The Maine Attorney General’s Office said Tuesday that a Rumford police officer was justified in shooting and wounding a suicidal woman who threatened him with a knife in March.

According to an Attorney General’s Office report, police were sent to the residence of Jessica Bryn-Francisco, 25, on March 18 after the woman told her counselor that she had taken a large dose of anti-anxiety and sleep medications in an attempt to kill herself.

The report said the counselor called police, and Rumford Officer Brad Gallant went to Bryn-Francisco’s apartment on Maine Avenue. He knocked on the door, but no one answered.

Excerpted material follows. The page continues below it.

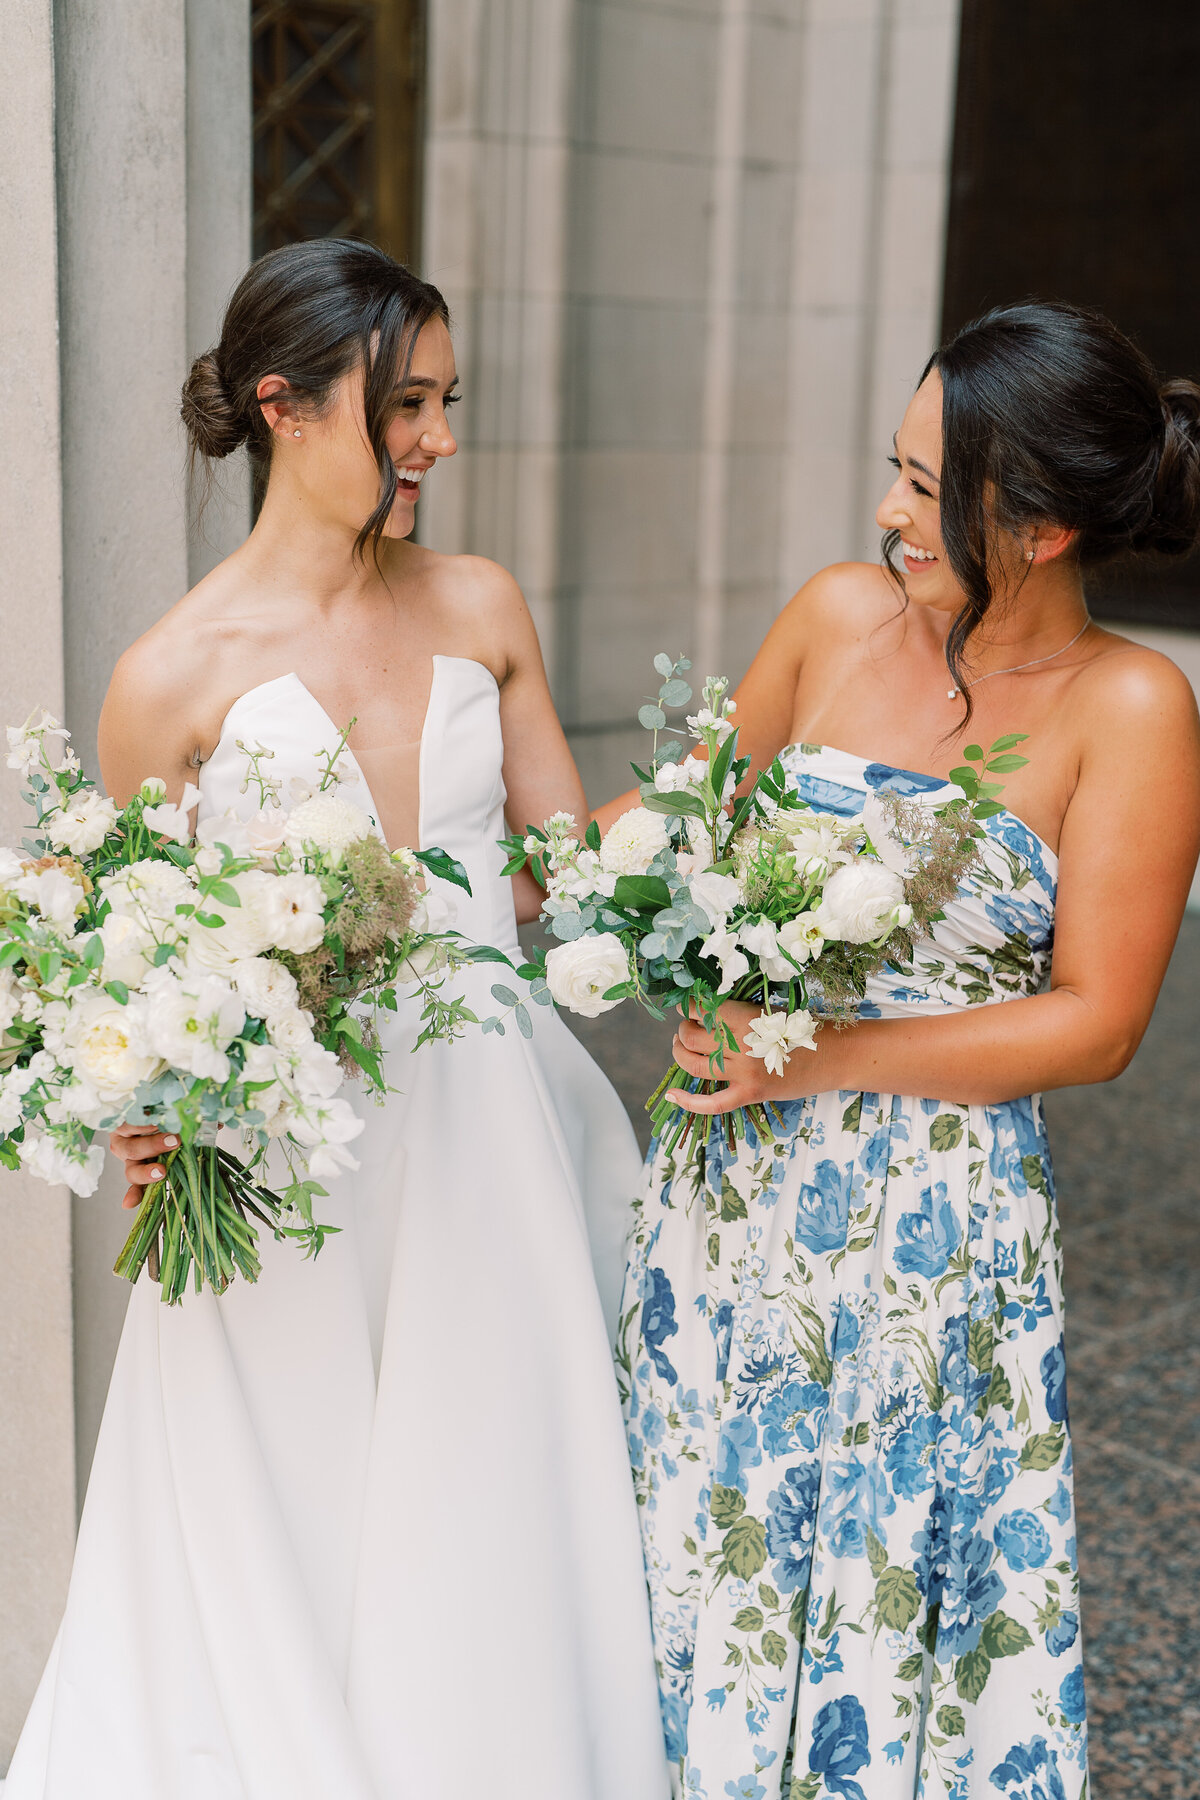 Dainty white and green bridesmaids’ bouquet for a summer wedding in downtown Nashville. Floral colors of white, cream, taupe, and champagne composed of roses, cosmos, zinnias, smoke bush, and ranunculus. Florals paired beautifully with garden-inspired bridesmaids dresses. Design by Rosemary & Finch Floral Design in Nashville, TN.

Gallant could hear a woman inside, but the door was locked. By that time, Sgt. Tracey Higley had joined Gallant.

Rumford police had responded to Bryn-Francisco’s residence 30 previous times dating to 2007, including 13 calls related to suicide attempts, according to the report.

Both officers had responded to Bryn-Francisco’s prior suicide attempts and were concerned that she might be unconscious inside, so Higley forced the door open.

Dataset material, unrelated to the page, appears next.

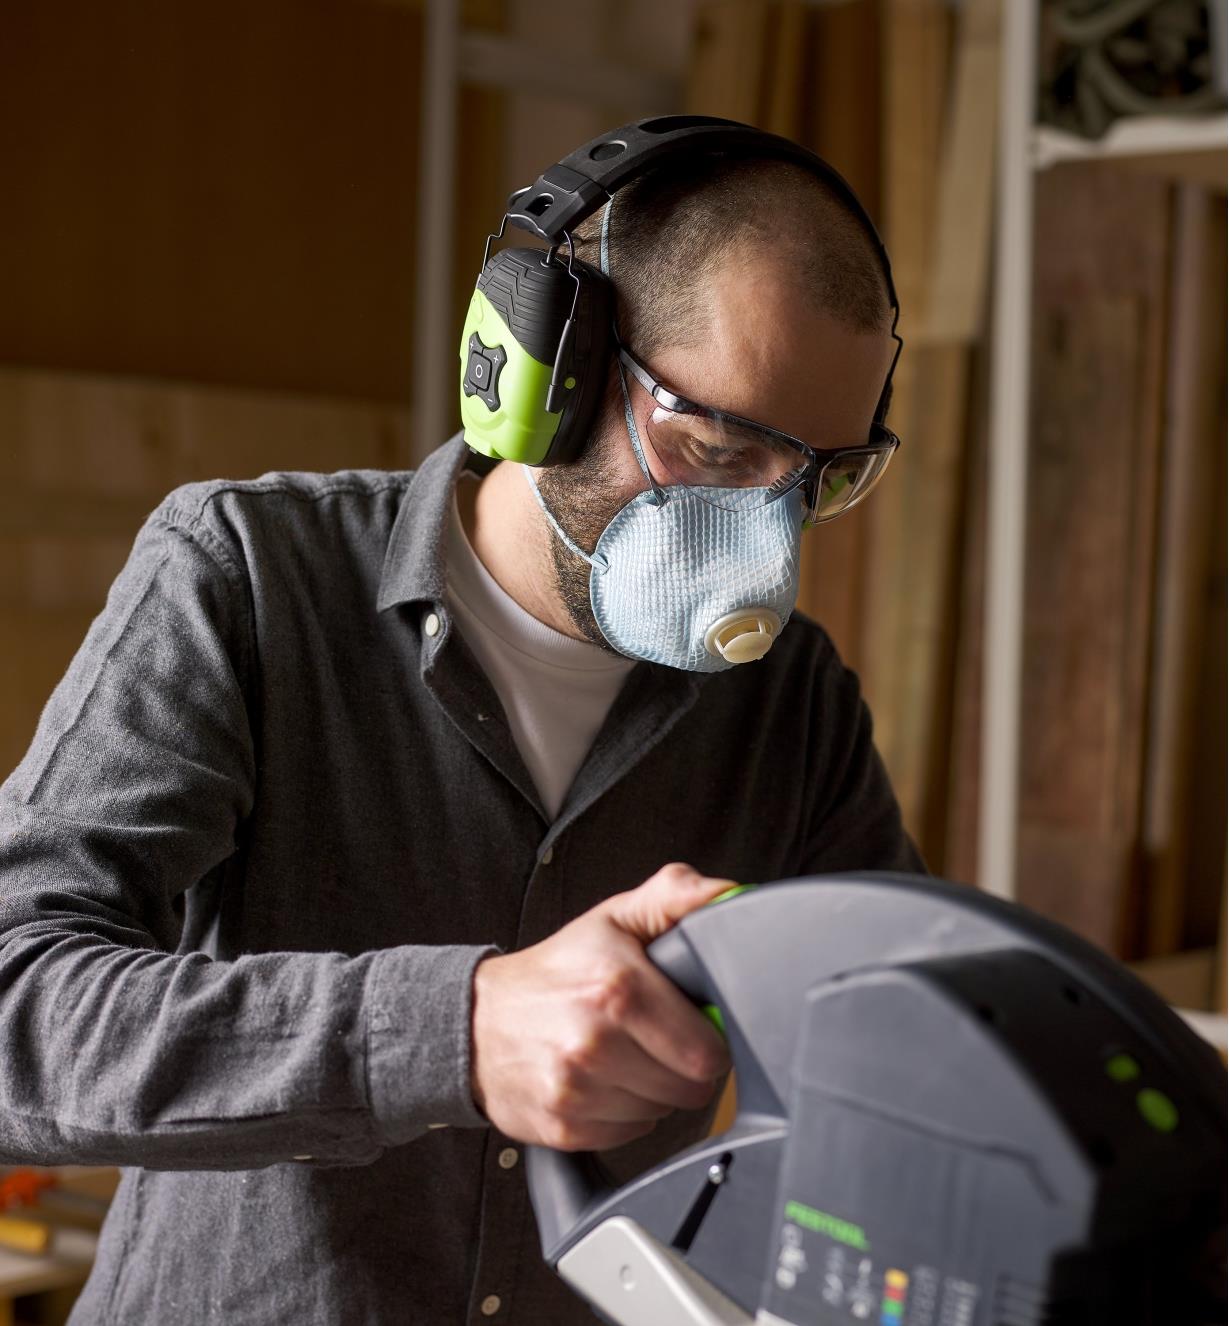 Operating a miter saw while wearing the ISOTunes LINK Aware earmuff hearing protectors

Once inside, Higley found about 30 empty prescription medication capsules that appeared to have been emptied into a glass of water. The glass was nearly empty.

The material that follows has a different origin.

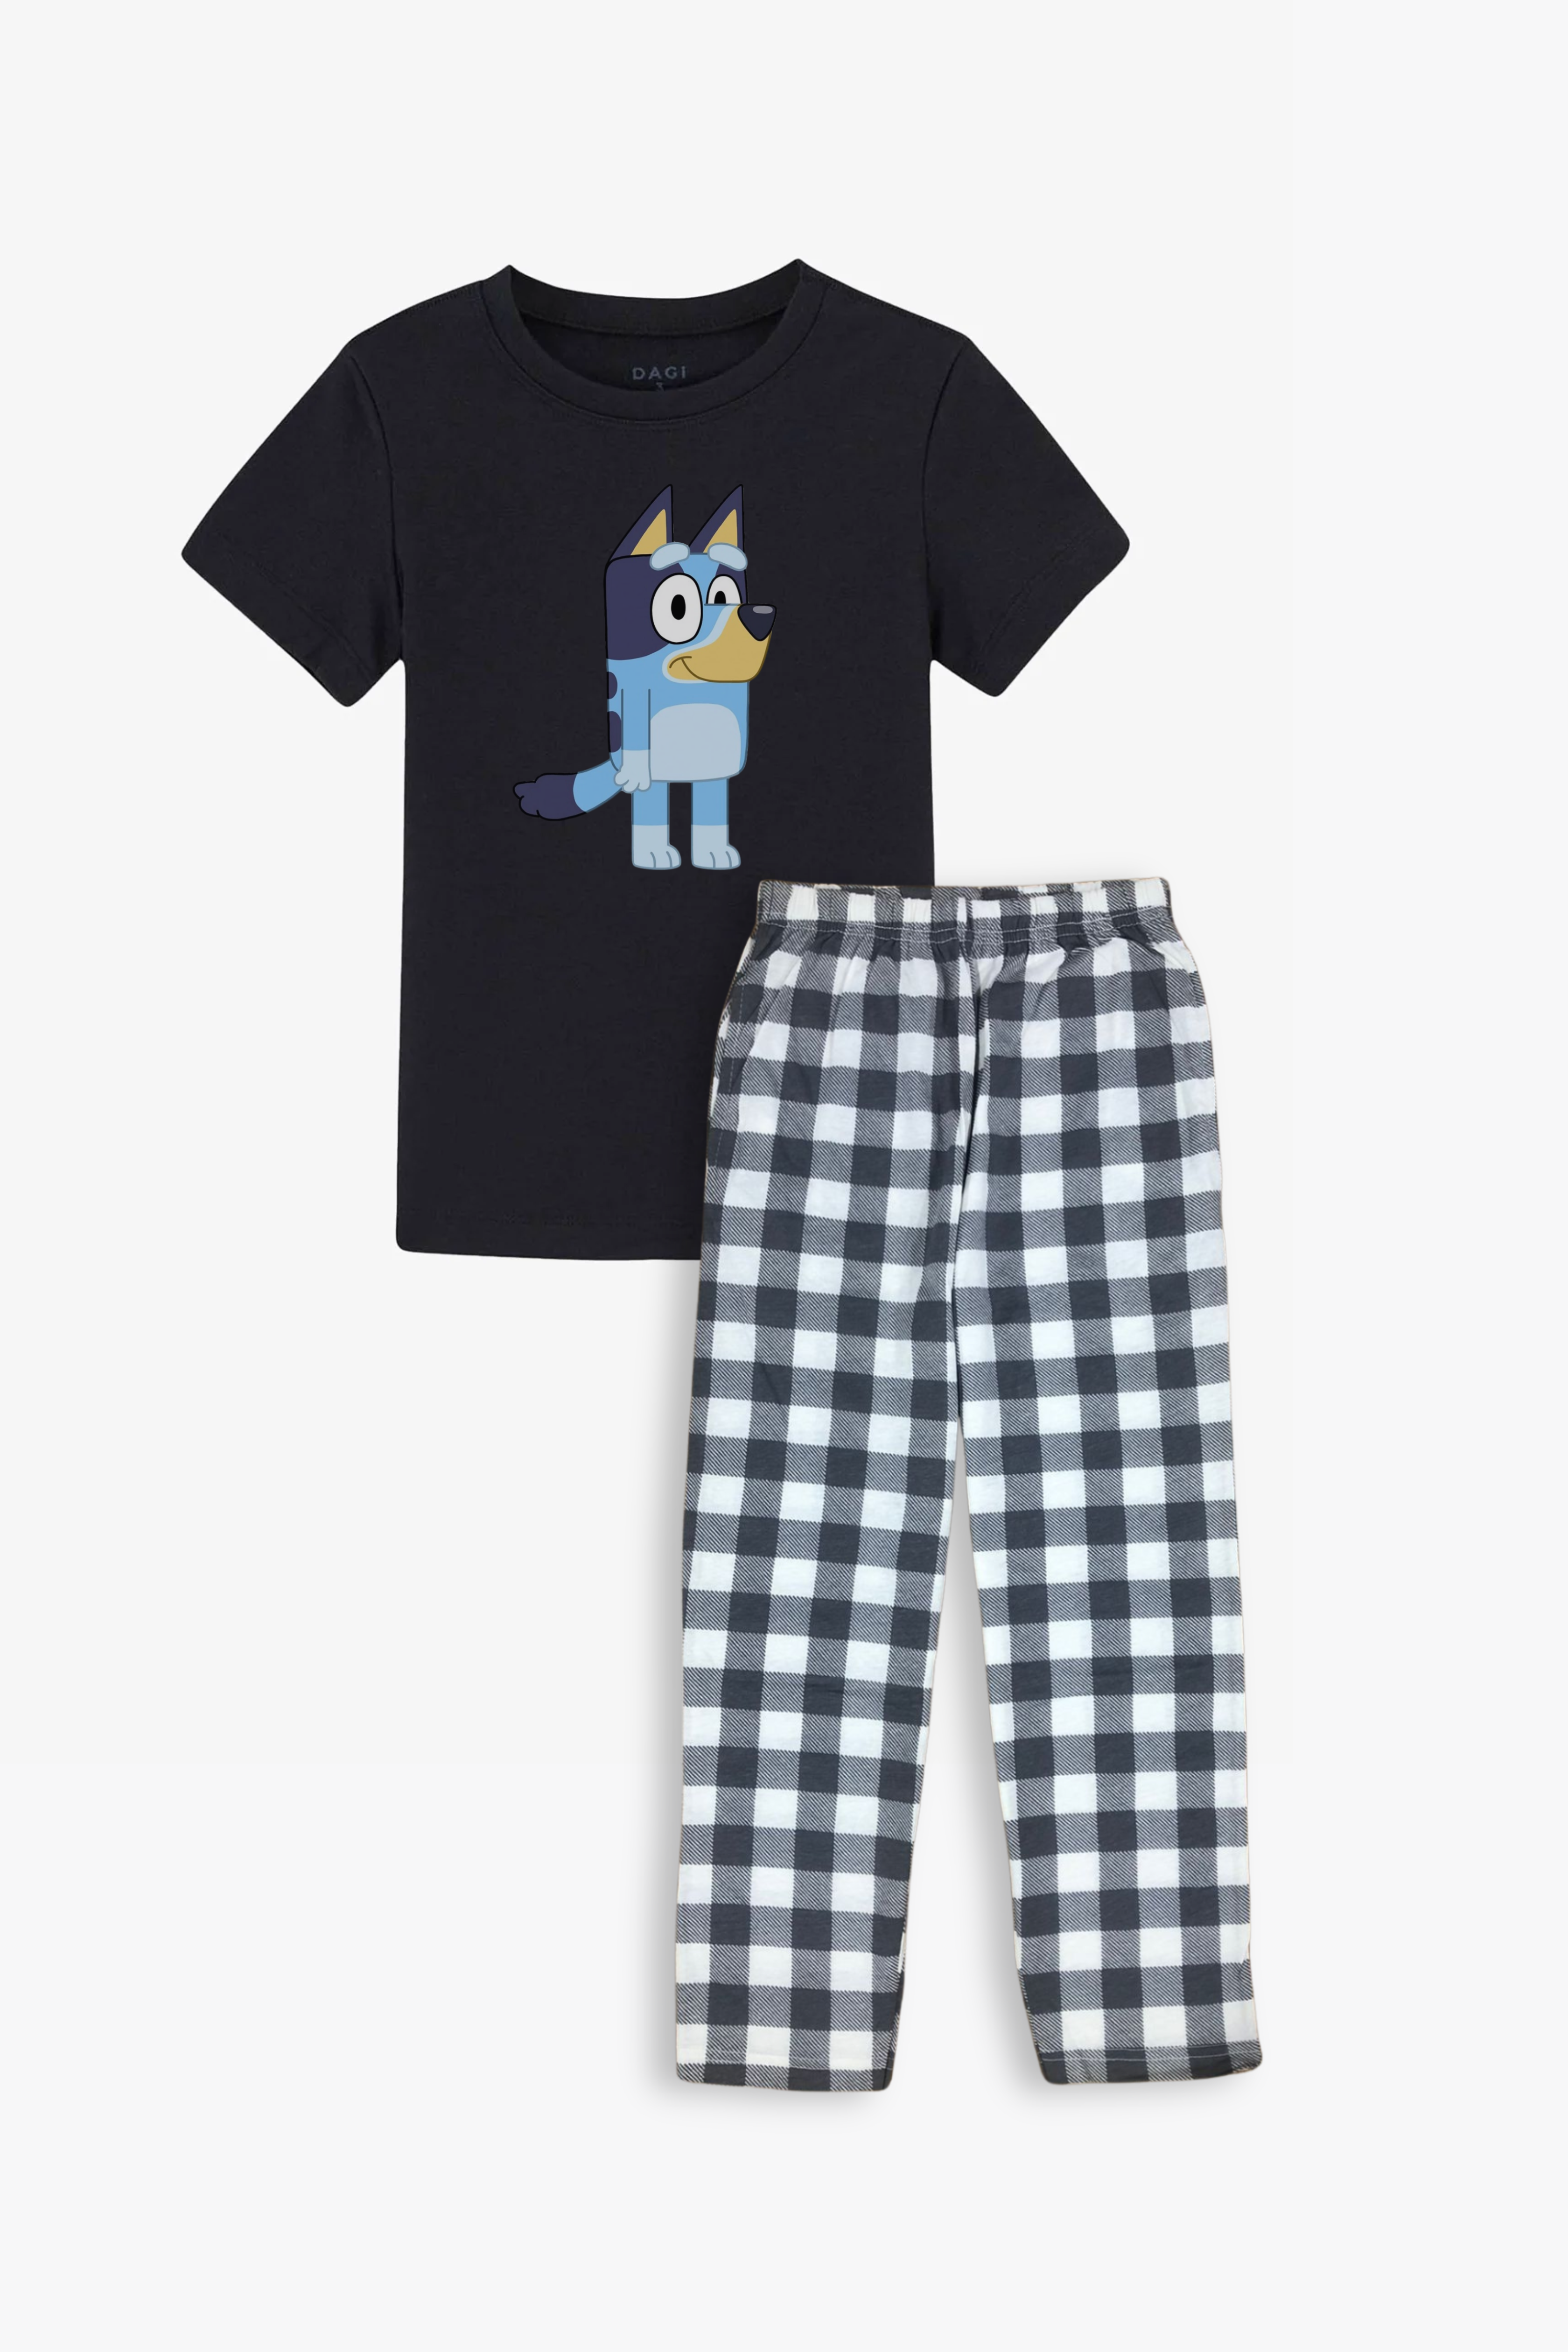 Kids T-Shirt and Check Trouser (Short Sleeves)

Bryn-Francisco was not inside, but she was still talking on the phone to her counselor, who relayed to police that she had left the apartment through an open window. The officers searched for Bryn-Francisco and found her sitting on the ground underneath a deck attached to the apartment building.

Gallant tried talking to her, but she told him to leave her alone. As the officer tried to help her onto her feet, he noticed she was holding a folding knife.

Gallant stepped back and, in doing so, dropped his handcuffs in the snow. He ordered Bryn-Francisco to drop the knife, but she refused.

The officer then tried to use his Taser but was unsuccessful.

Higley, who had been looking for Bryn-Francisco in another area, joined Gallant after his attempt to subdue her with the Taser failed. He also shouted to her to drop the knife, and attempted to use his own Taser, which was also unsuccessful.

At that point, Bryn-Francisco began walking toward Higley with the knife drawn. Higley had his gun out and was walking backward in the snow as Bryn-Francisco advanced, the report said.

Higley continued to ask her to drop the knife, prompting her to respond by saying, “Go ahead and shoot me,” according to the Attorney General’s Office report.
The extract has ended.